:: Provided data ::

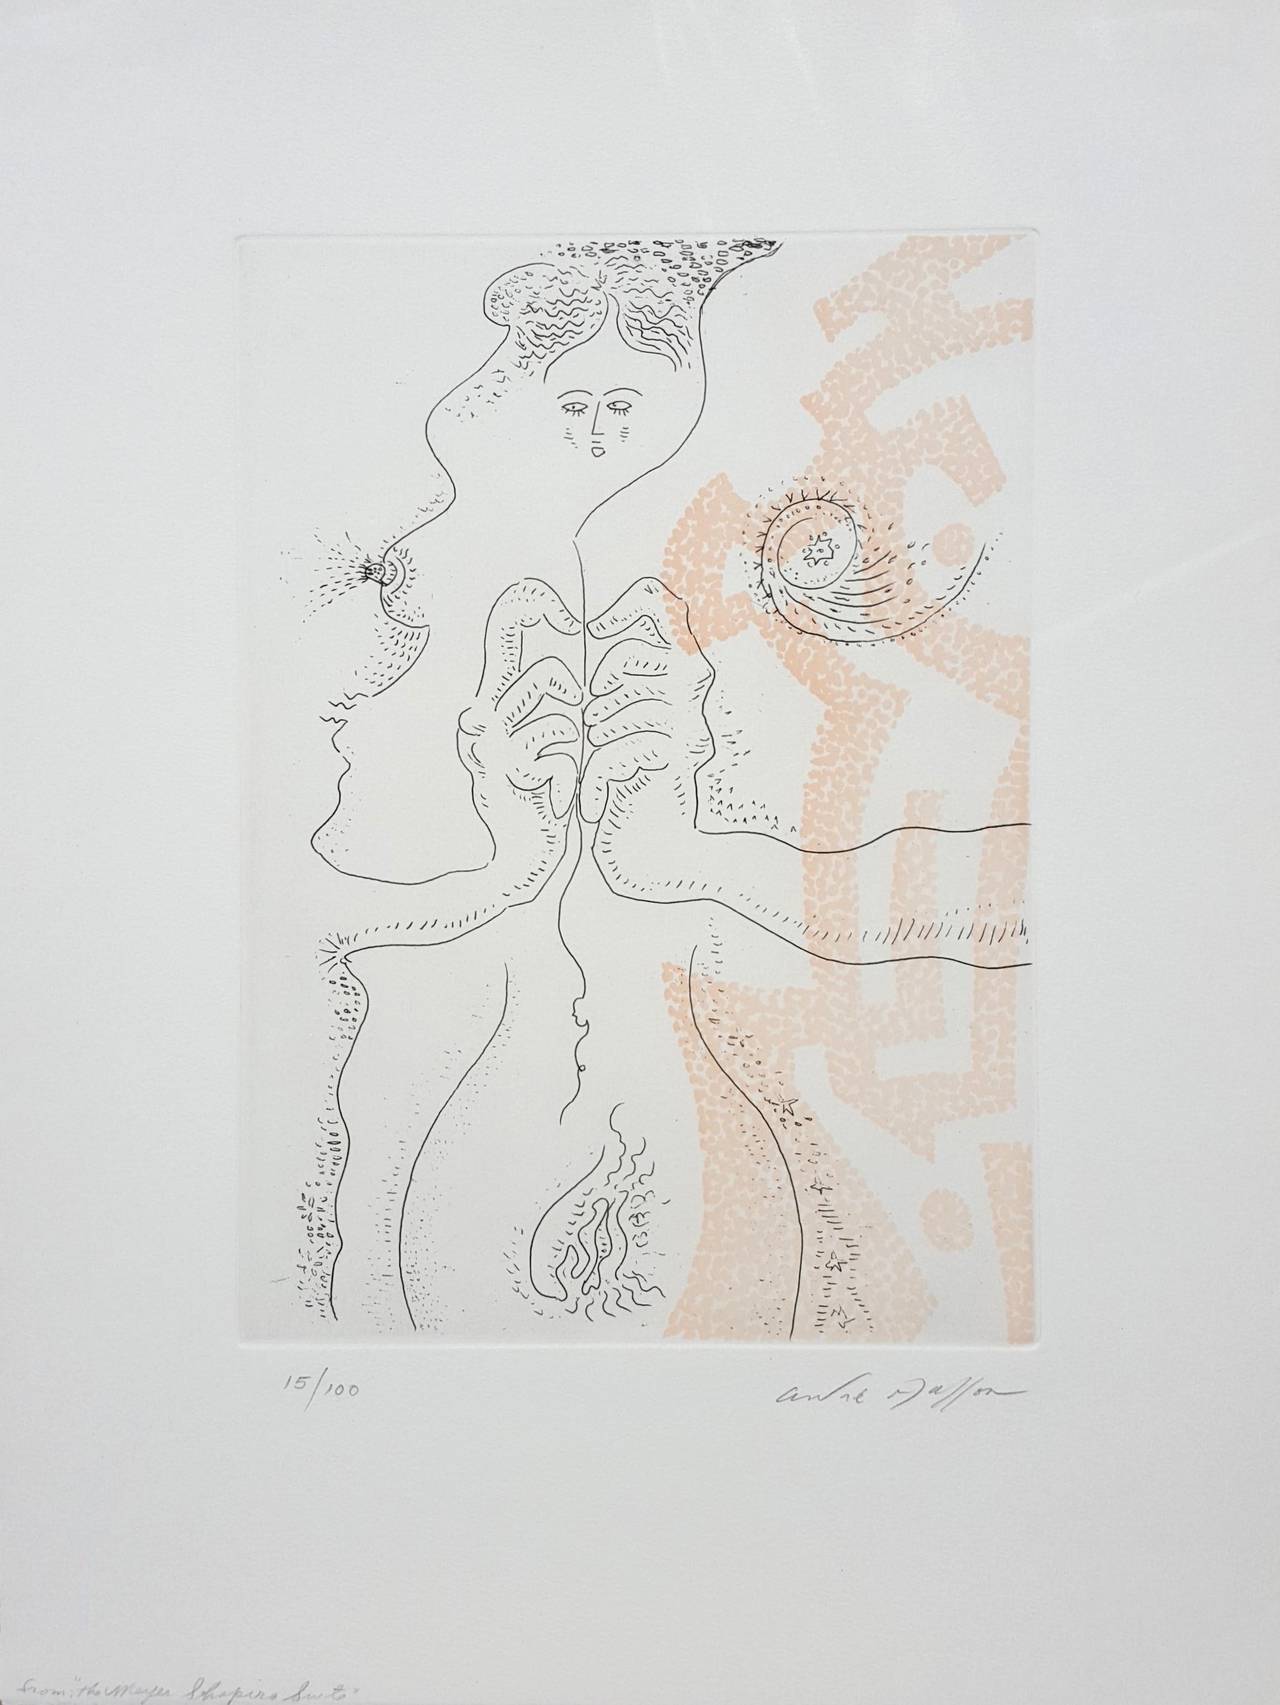 Le Fil d'Ariane (Ariadne's Clew) /// Modern Surrealism Surrelist Andre Masson - Print by André Masson
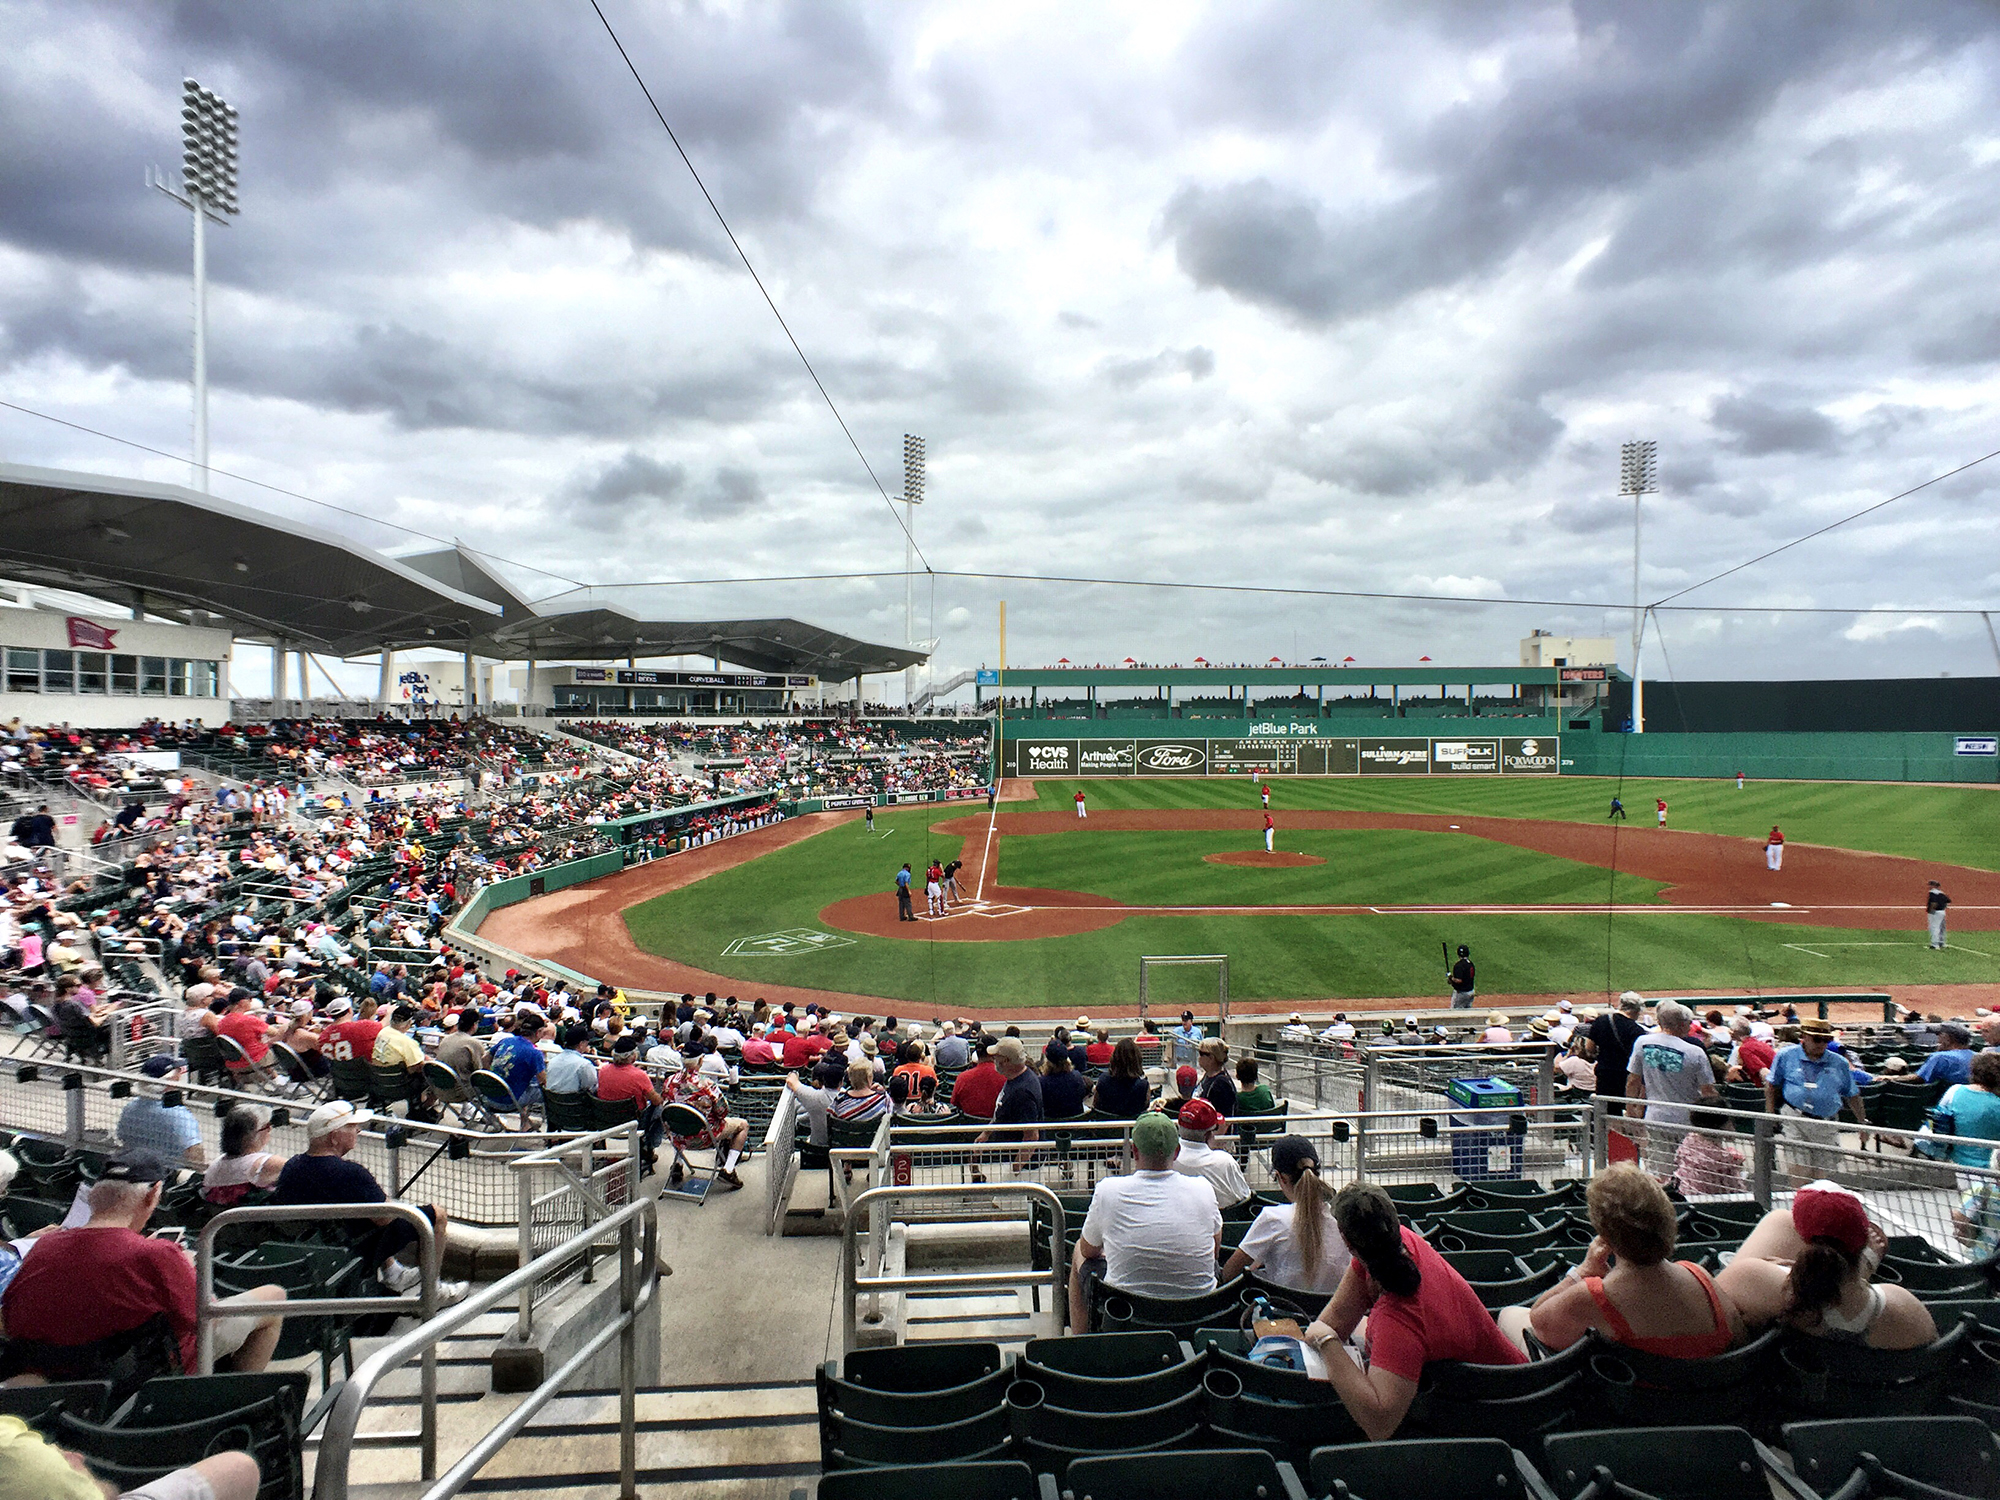 Getting to JetBlue Park
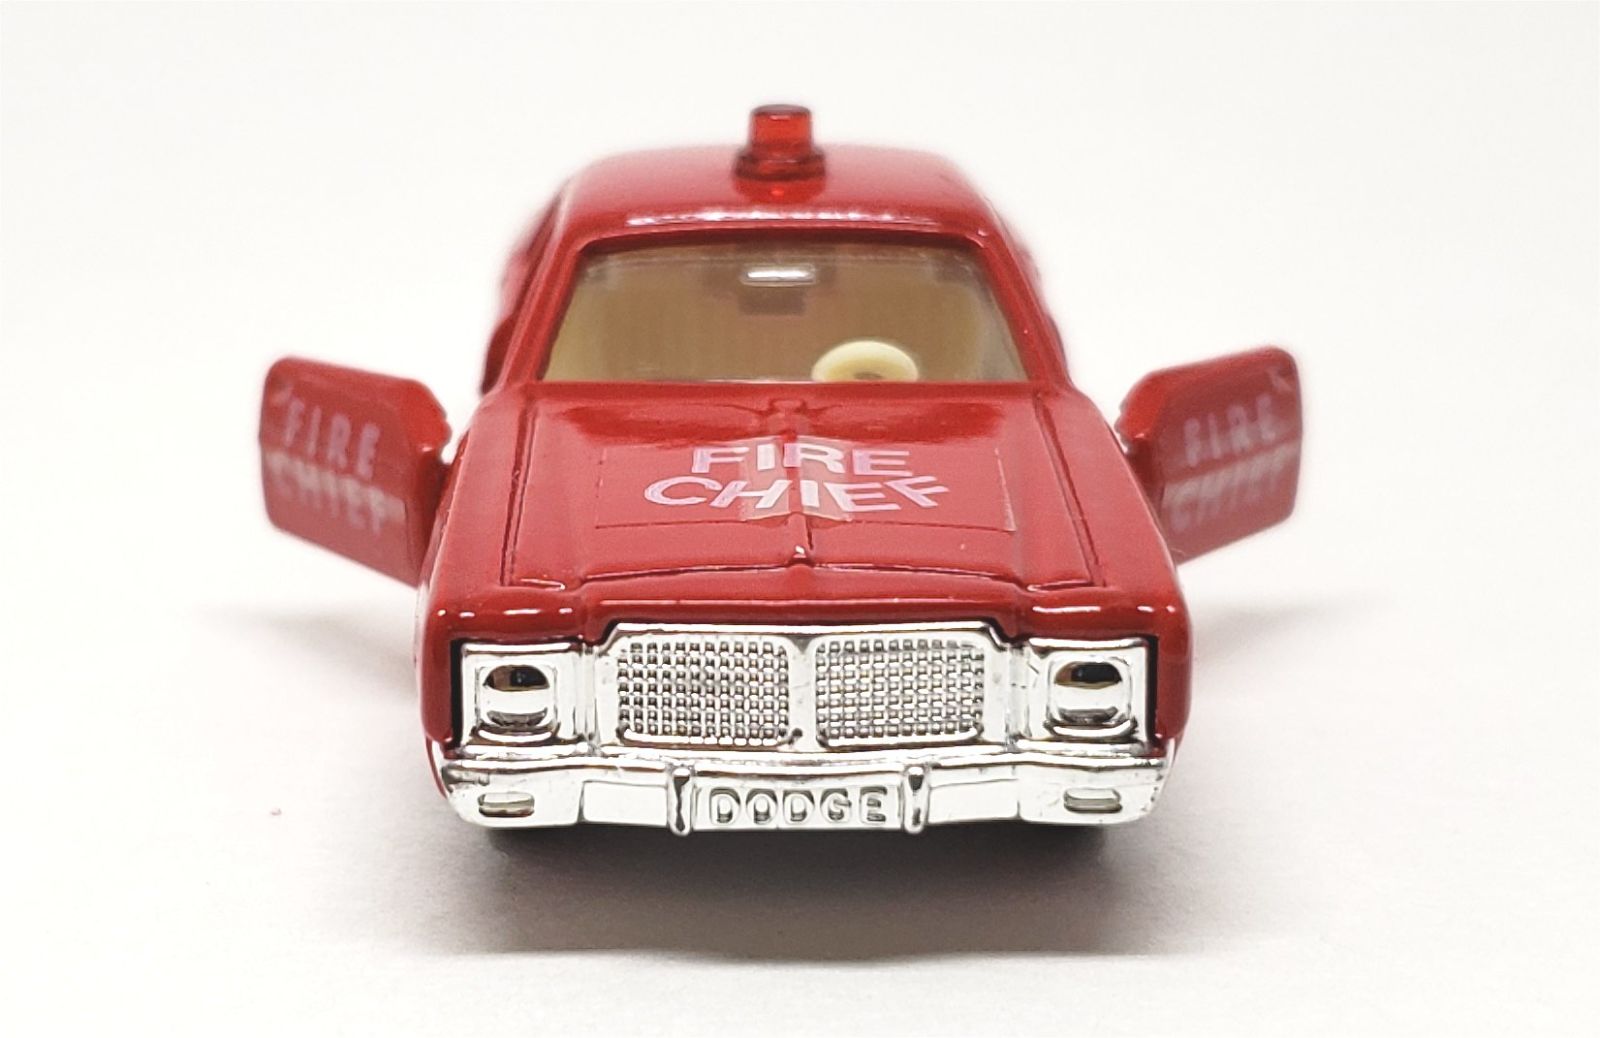 Illustration for article titled [REVIEW] Tomica Dodge Coronet Fire Chief Car
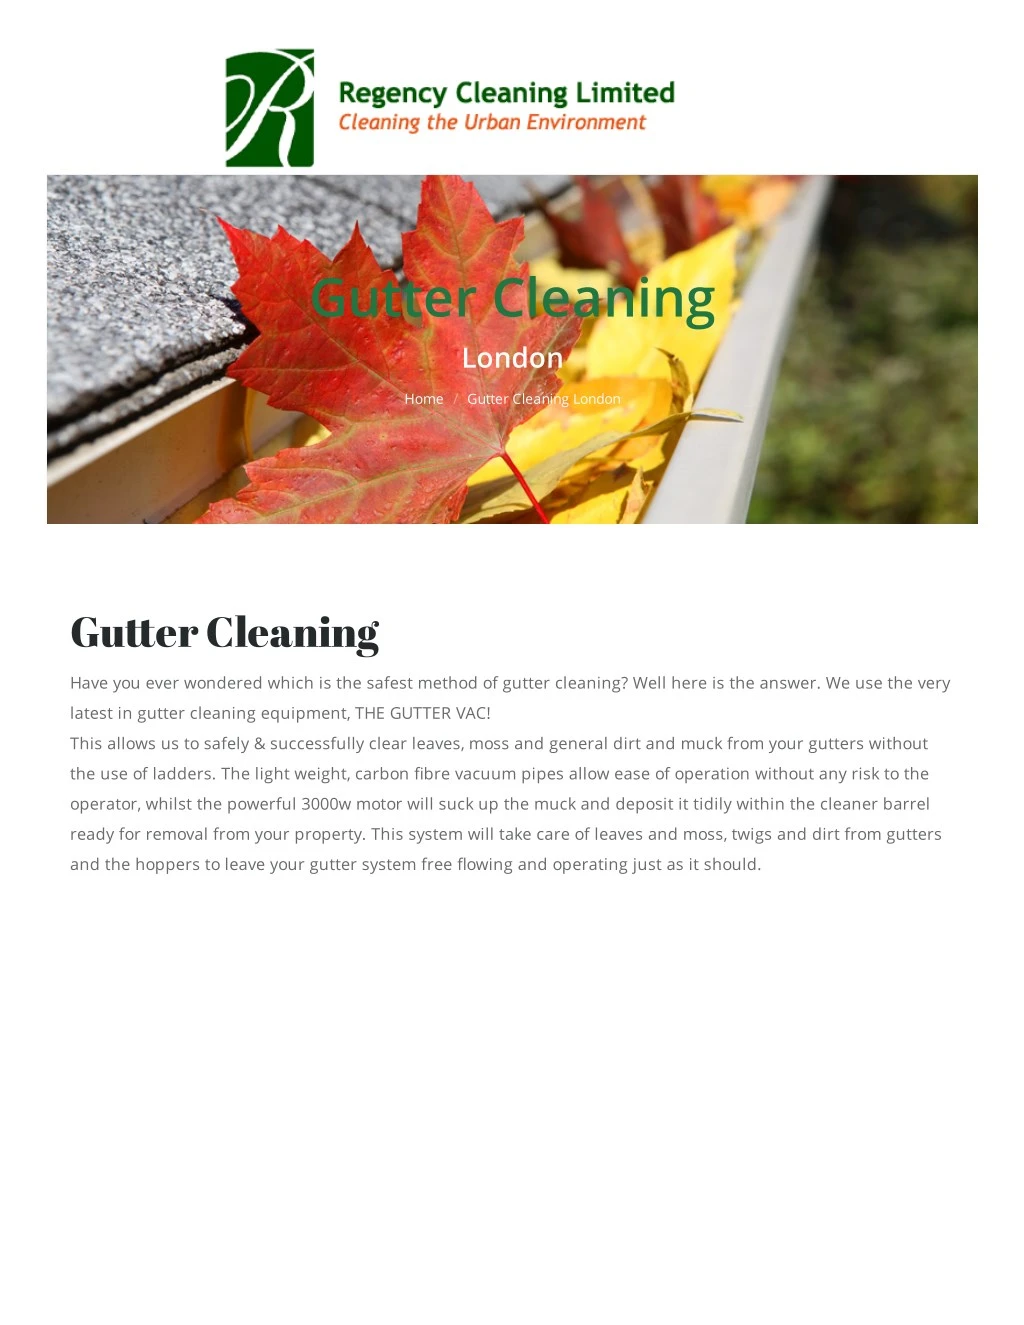 gutter cleaning london

:::

> _What you are asked to do_
Print the complete listing exactly, apart from any pictures.

> _Solution_
 Le Fil d'Ariane (Ariadne's Clew) /// Modern Surrealism Surrelist Andre Masson - Print by André Masson
 Getting to JetBlue Park
 Illustration for article titled [REVIEW] Tomica Dodge Coronet Fire Chief Car
 gutter cleaning london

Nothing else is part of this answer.